» Your objective
At the line containing "ingredients for lemon", begin an exact copy, and continue through the last line of the entries below. Leave out any pictures.

━━━━━ Raw data ━━━━━

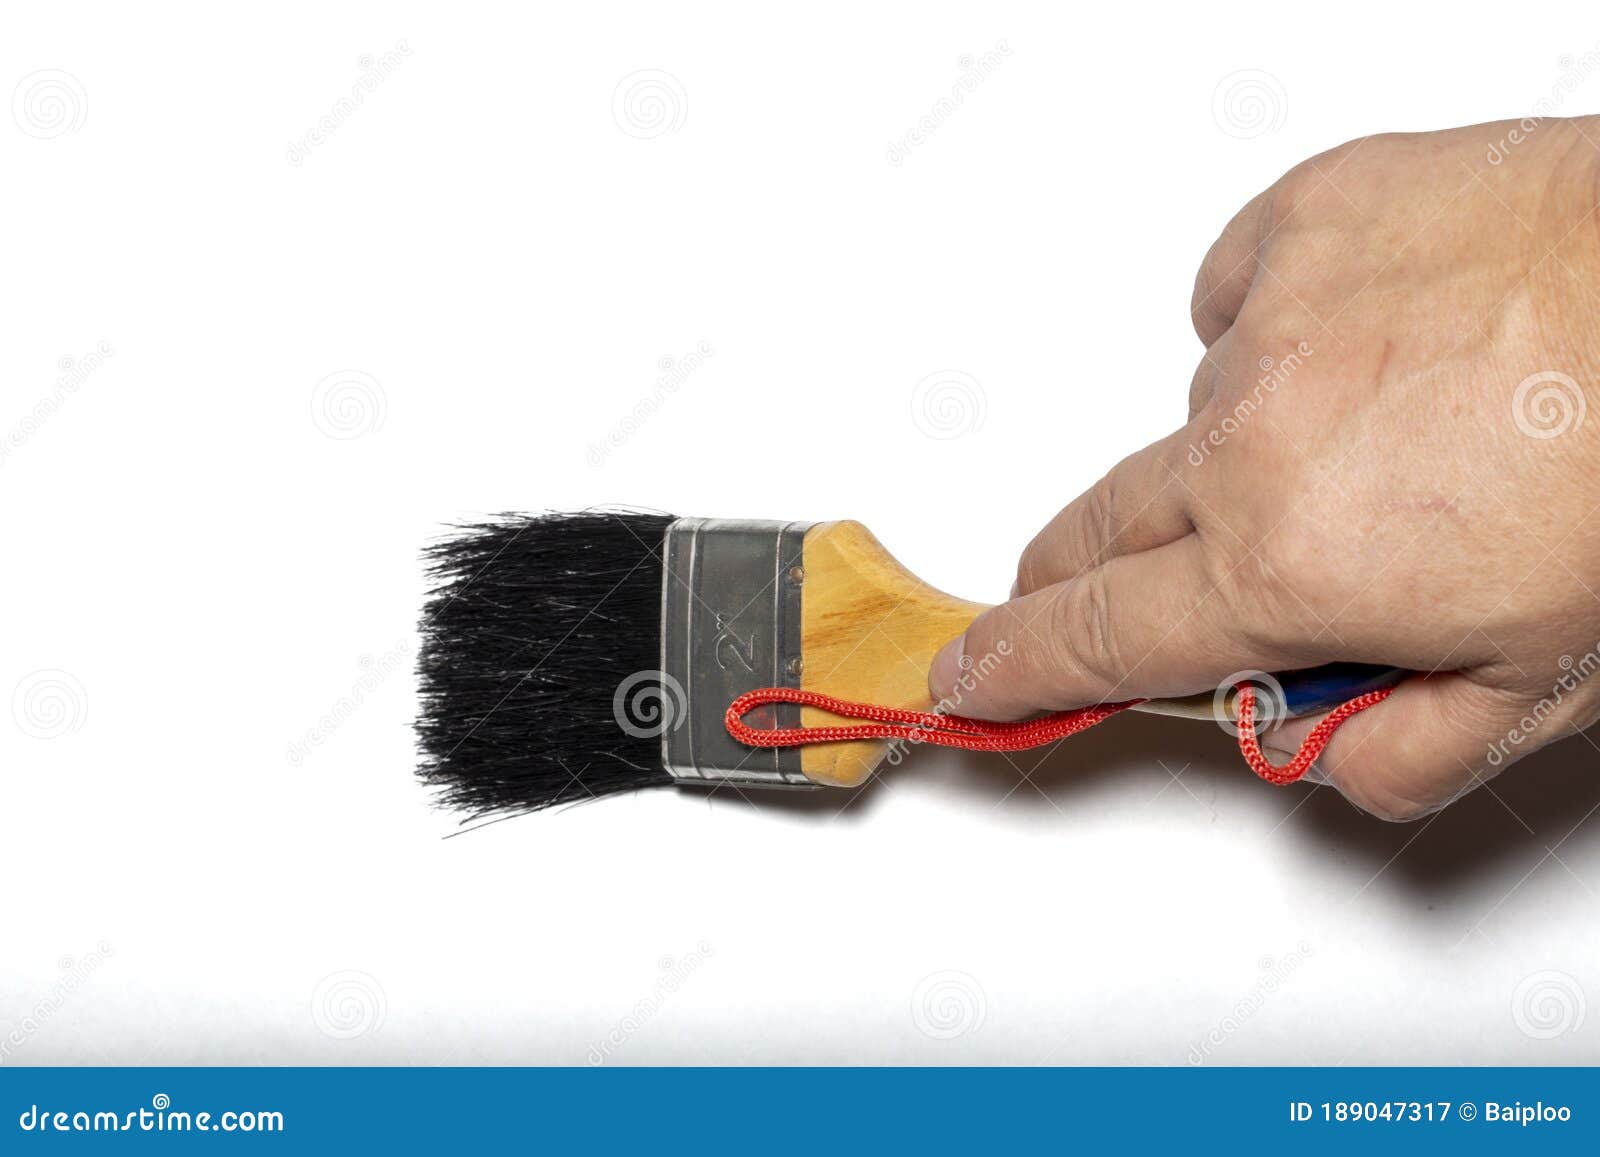 Hand Holding Big Paint Brush, without Paint , Isolated on White Background  Stock Image - Image of brush, equipment: 189047317
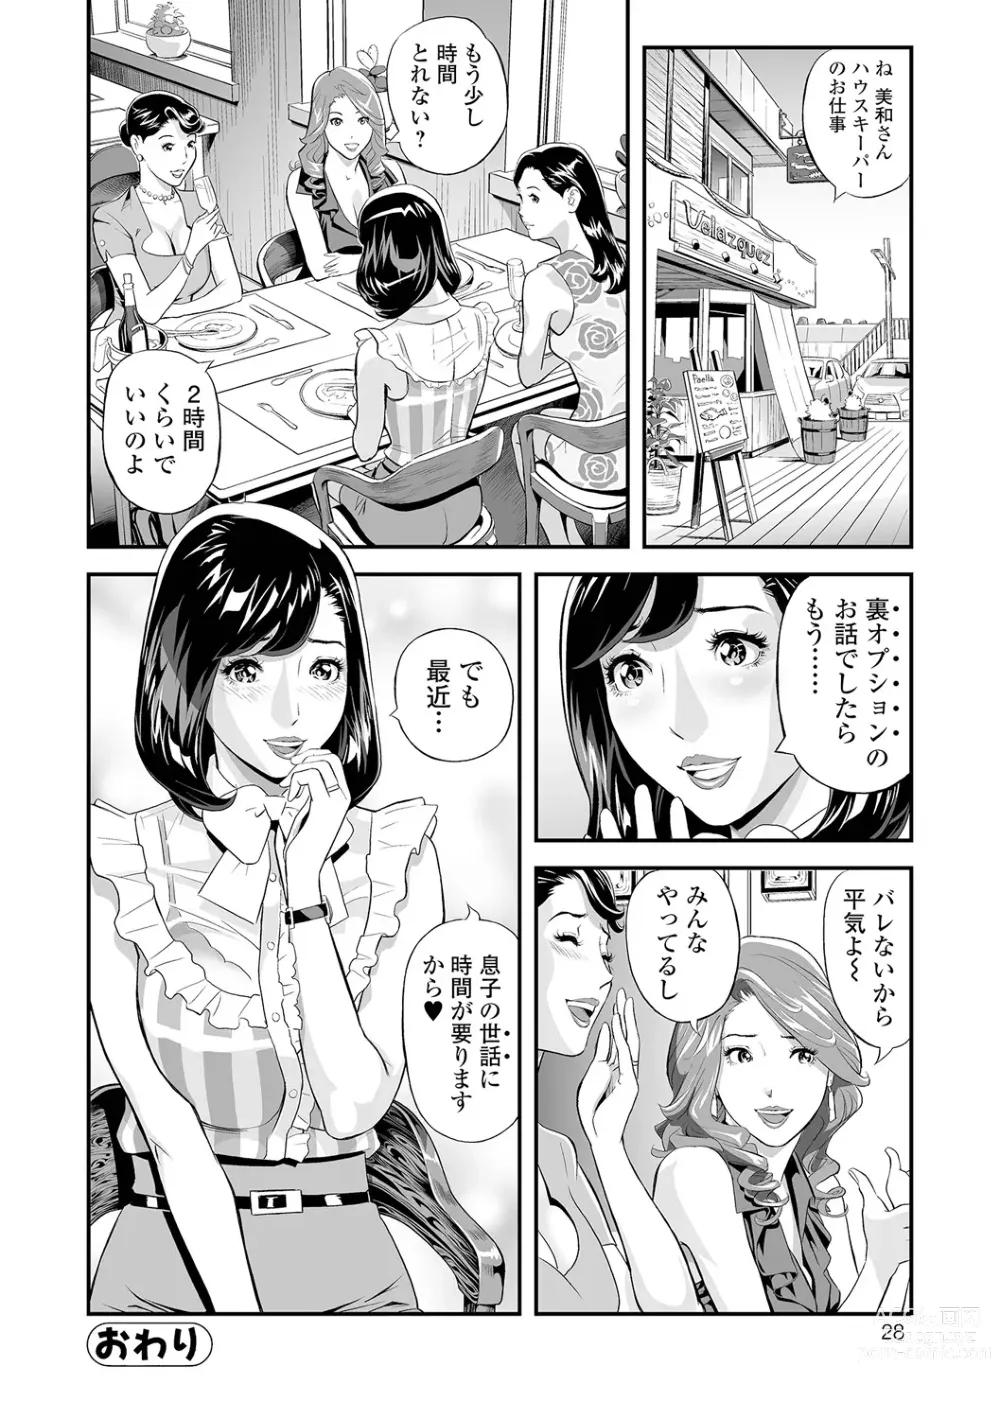 Page 28 of manga Elegant Erogant
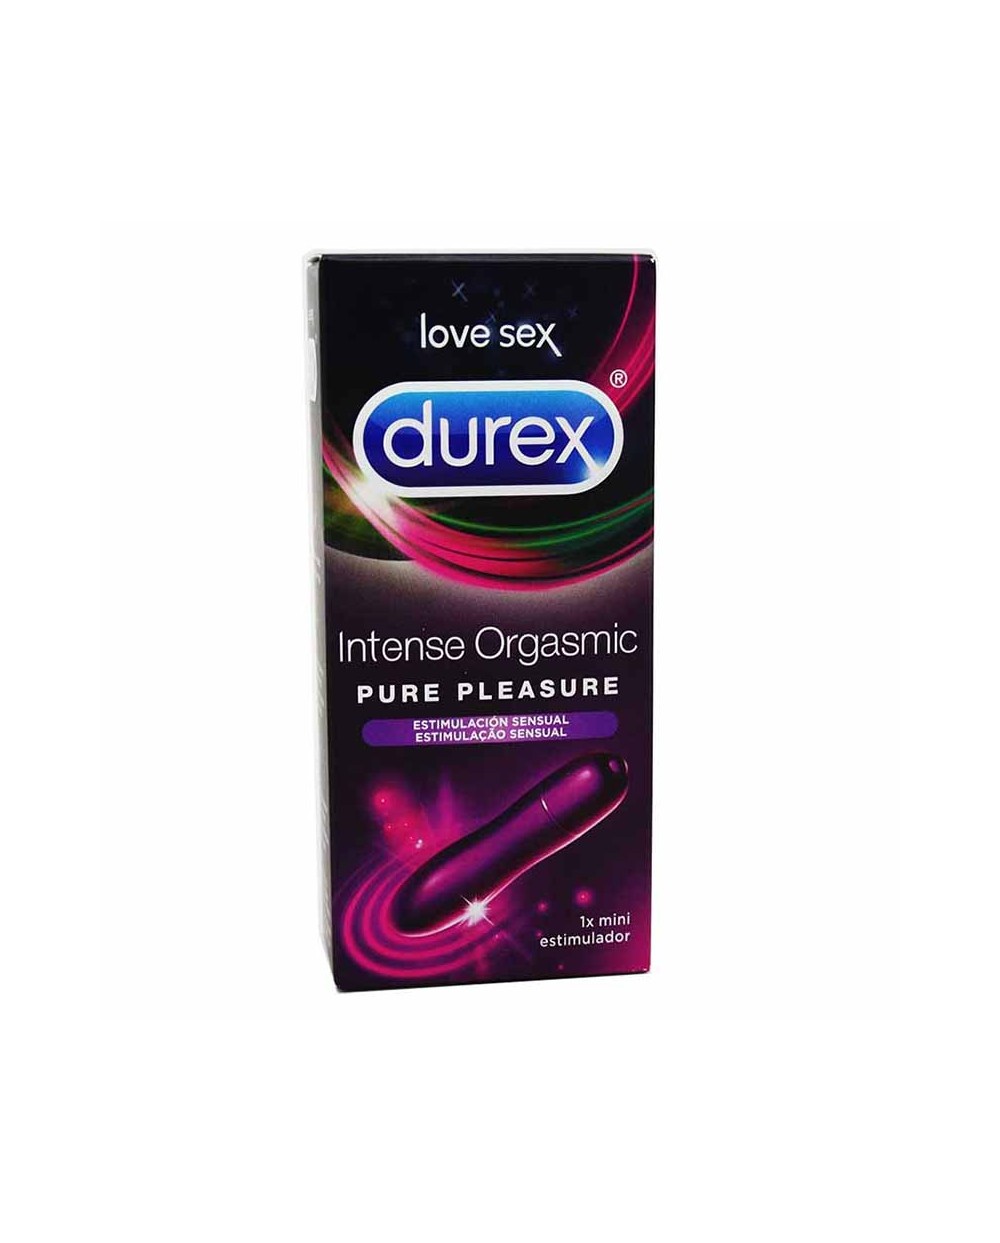 Estimulador Durex Intense Orgasmic Pure Pleasure Mini - 1 unidad
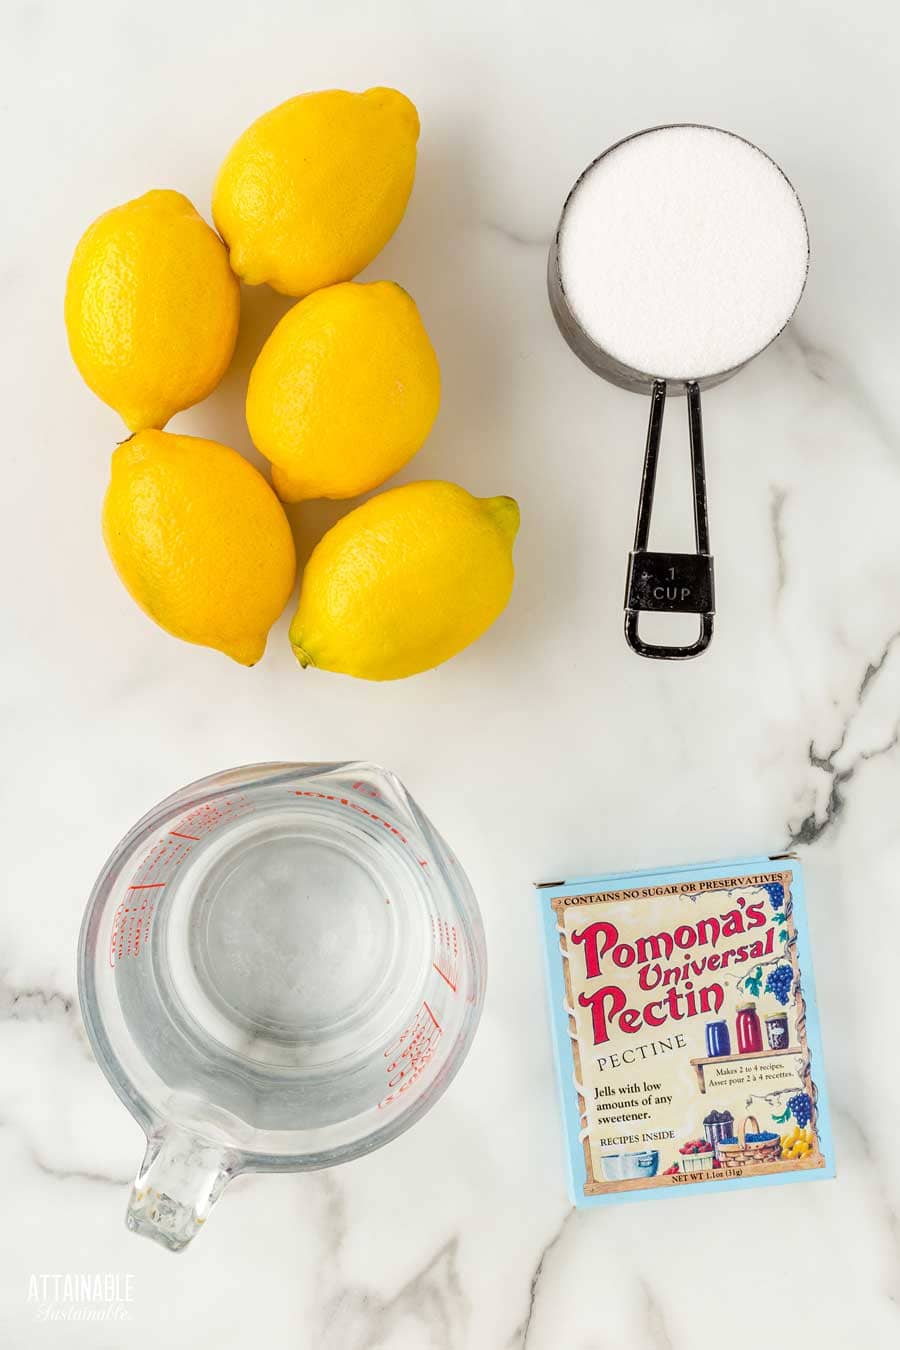 ingredients for lemon marmalade: lemons, sugar, pectin, water.
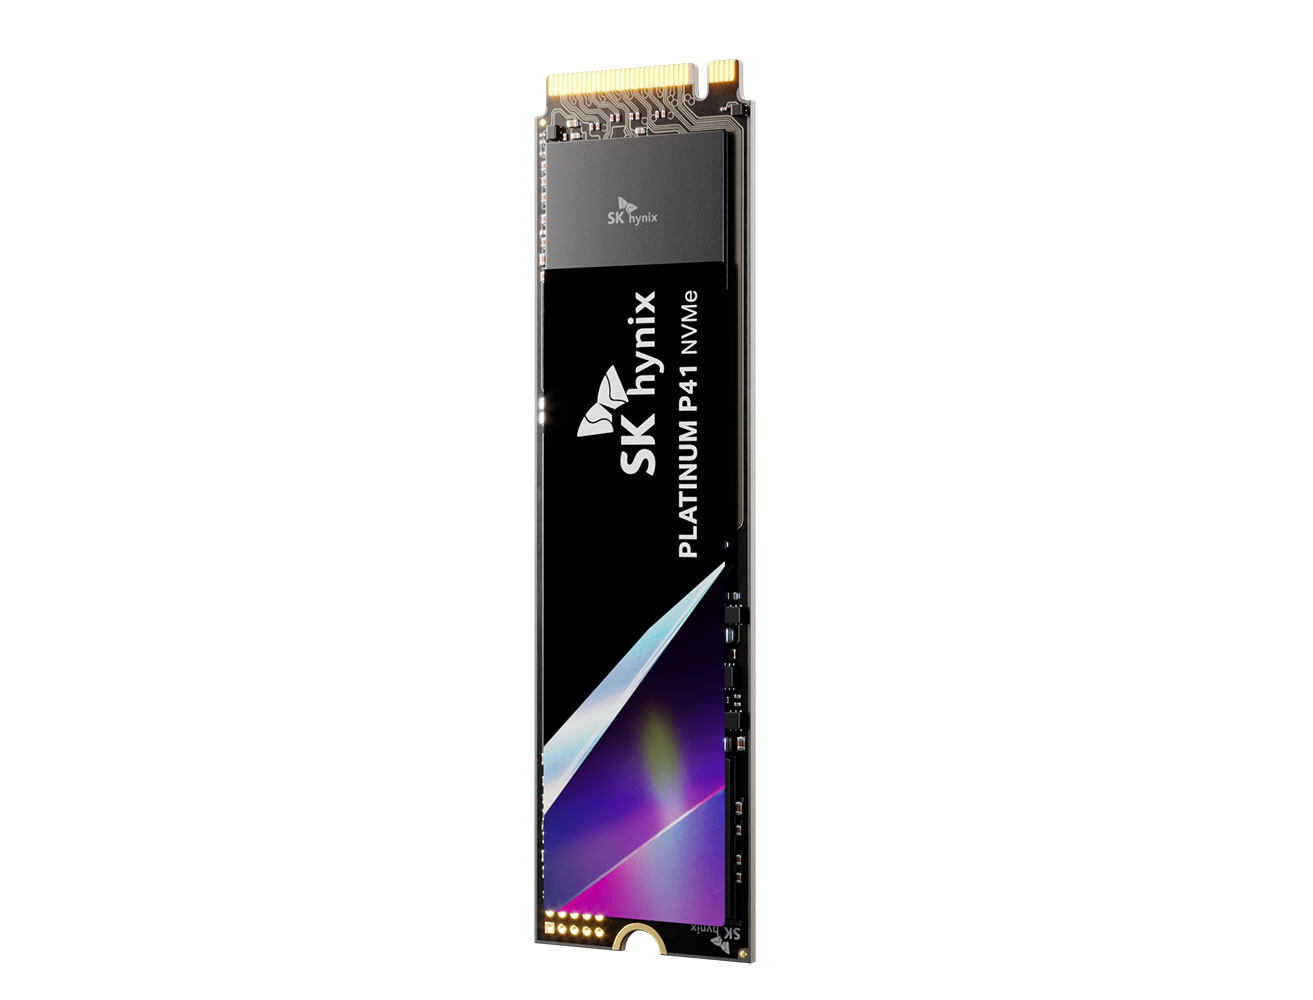 CES: SK hynix Platinum P41 PCIe NVMe Gen 4.0 M.2 2280 Up to 2TB SSD -  StorageNewsletter

━━━━━

» Exercise solution
 ingredients for lemon marmalade: lemons, sugar, pectin, water.
 CES: SK hynix Platinum P41 PCIe NVMe Gen 4.0 M.2 2280 Up to 2TB SSD -  StorageNewsletter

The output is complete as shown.